What is Laparoscopic Cholecystectomy?
Laparoscopic Cholecystectomy is the complete removal of the gallbladder via a laparoscope due to a painful case of gallstones.
When no other treatments work, or the pain is extremely severe, gallbladder removal surgery may be the patient’s last option to relieve the problem.
During the surgery the patient will undergo general anesthesia. Making several small incisions on the patient’s abdomen, the surgeon will then inflate the abdomen for easy viewing and insert the laparoscope through one of the incisions along with other surgical tools needed to properly remove the gallbladder.
The laparoscope is a lighted instrument with a video camera attached so the surgeon can having a magnified view of the patient’s internal organs during the procedure.
During the removal, the surgeon may look into the common bile duct to detect any gallstones that may have been lodged there. Using a special scope, the surgeon will then remove those gallstones.
The entire surgery usually lasts about 2 hours. Although complications may arise increasing the patient’s stay at the hospital, most patients are expected to go home the day of the surgery. Normal activities can be resumed approximately 7 to 10 after the surgery and no special diet is normally required once the gallbladder is removed.
Open Gallbladder Surgery versus Laparoscopic Cholecystectomy
Open Gallbladder Surgery
Open gallbladder surgery requires the surgeon to make a large (5 to 7 inch) incision in the patient’s abdomen in order to remove the entire gallbladder effectively.
This surgery option is not ideal as it requires a much larger incision increasing the risk for infection and complications, requires a 2-4 day (or longer) stay at the hospital after the surgery, and a 6-8 week recovery time.
There can also be excessive bleeding, increased risk of damage to surrounding organs, and bile leakage into the abdominal cavity.
With laparoscopic cholecystectomy the patient has minimal scarring, less risk for infection or complications, a single day stay at the hospital as it is performed as an outpatient procedure, and a week’s recovery time period.
The patient should experience very little, if any, post-operative pain and simply recover much better overall with this gallbladder removal surgery.
Some reasons a surgeon might forego a laparoscopic cholecystectomy include:
- A severe case of bile duct inflammation
- Inflammation of the abdominal lining (also known as peritonitis)
- A blood disorder preventing proper blood clotting
- Abnormal abdominal anatomy
In a small number of patients laparoscopic cholecystectomy cannot be performed and an open gallbladder surgery is the only option left. Sometimes, a laparoscopic cholecystectomy surgery converts to an open gallbladder surgery during a laparoscopic one due to unforeseen complications. This is a judgment call that only your surgeon is able to make mid-surgery.
Dr. Fraiman is considered an expert in treating gallbladder disease in Baltimore. With over 20 years of both experience and training, you can be assured Dr. Fraiman can provide the best treatment options for you should you experience any type of gallbladder disease.

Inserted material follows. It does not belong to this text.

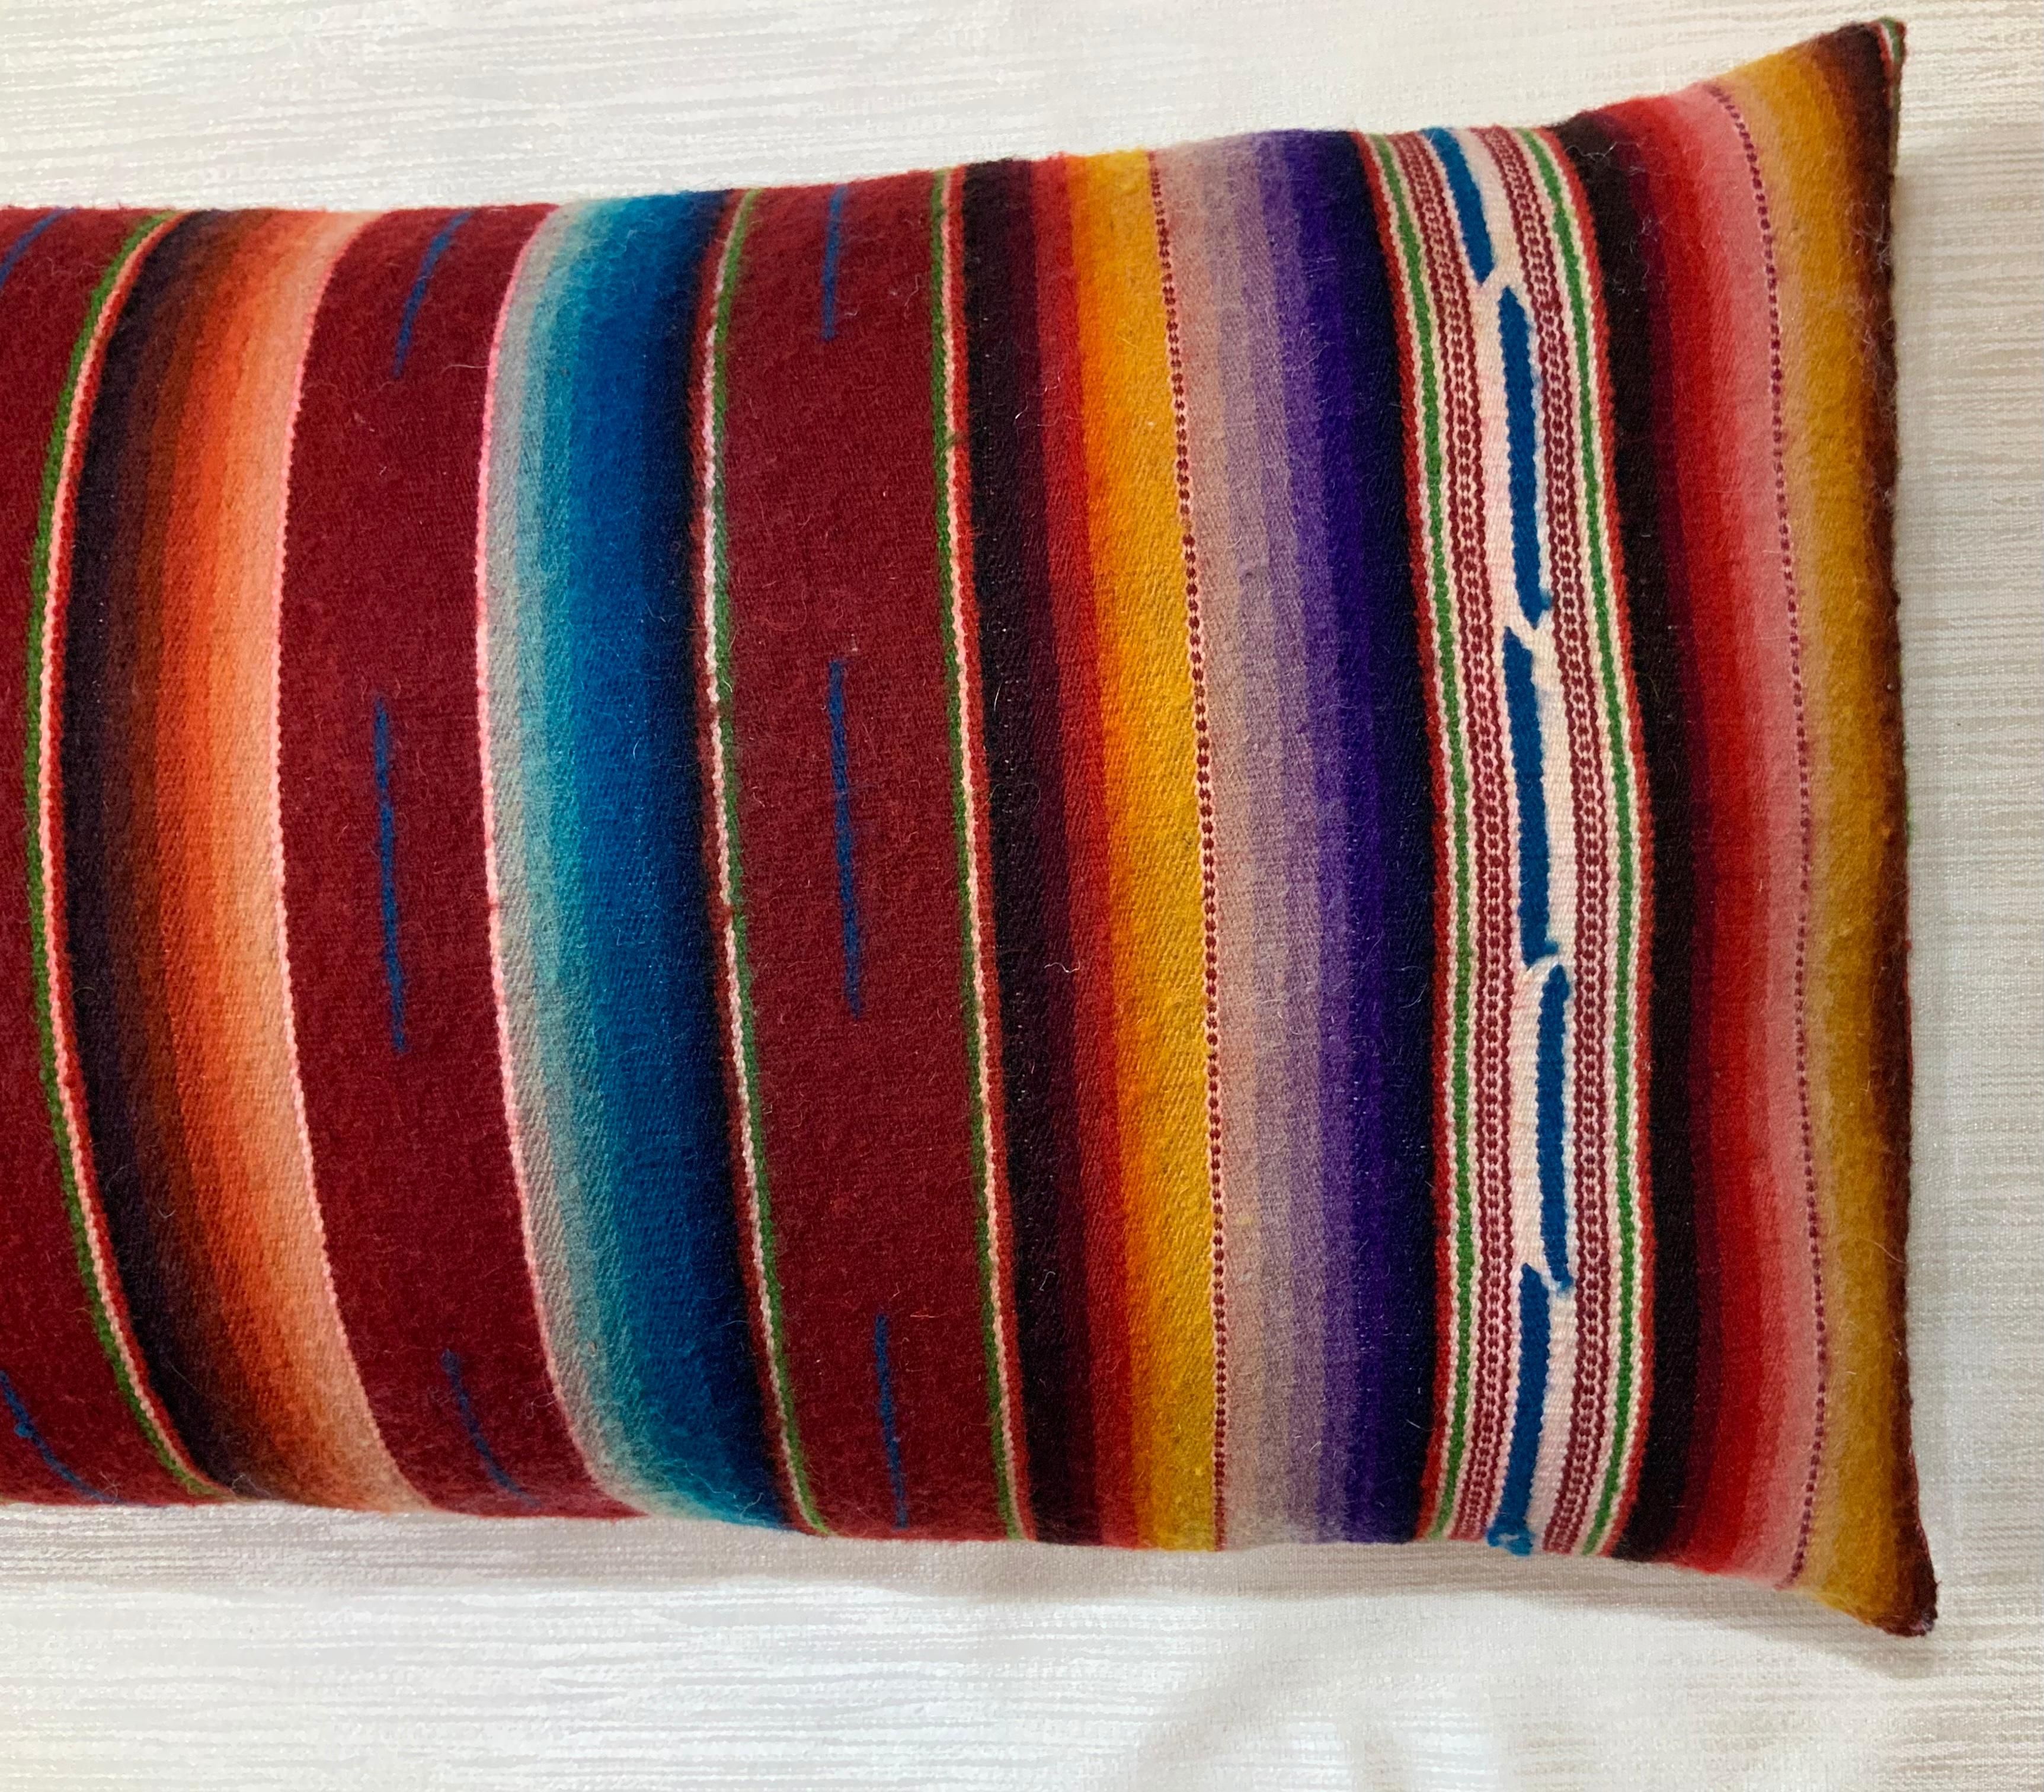 Schönes Paar Kissen aus feiner handgewebter mehrfarbiger mexikanischer Saltillo-Decke.
Ursprünglich wurde dieser Preis als Wandteppich verwendet und wir haben uns entschlossen, daraus Kissen zu machen. Die Kissen sind mit der gewebten

Laparoscopic Cholecystectomy Procedure Steps
Laparoscopic surgery to remove the gallbladder is now used for almost 85% of cases. The typical procedure is conducted as follows:
- Step 1: Creation of several small incisions on the abdomen
- Step 2: Inflation of the abdomen for easy access
- Step 3: Insertion of the laparoscope (small camera) and tiny surgical instruments through the incision
- Step 4: Separation of muscles around the surrounding liver to expose the gallbladder
- Step 5: Dissection and extraction of the gallbladder
- Step 6: Closure of incisions
Laparoscopic Cholecystectomy Recovery
Recovery for a patient who has undergone laparoscopic cholecystectomy is the same as for those who have undergone any major surgery. It involves monitoring pulse rate, blood pressure and temperature. Breathing also tends to be shallow because of anesthesia, but this should diminish quickly.
It is possible to experience minor postoperative pain in the shoulder due to carbon dioxide in the laparoscopic tubes. The pain can be relieved by lying on your left side with your thigh drawn up toward your chest.
The best thing about laparoscopic surgery is that there is minimal scarring, minimal blood loss and quick recovery times. Patients are usually discharged a day after surgery and can shower the next day. You can resume normal activities within three days post-operation, but you should avoid lifting heavy objects for at least ten days.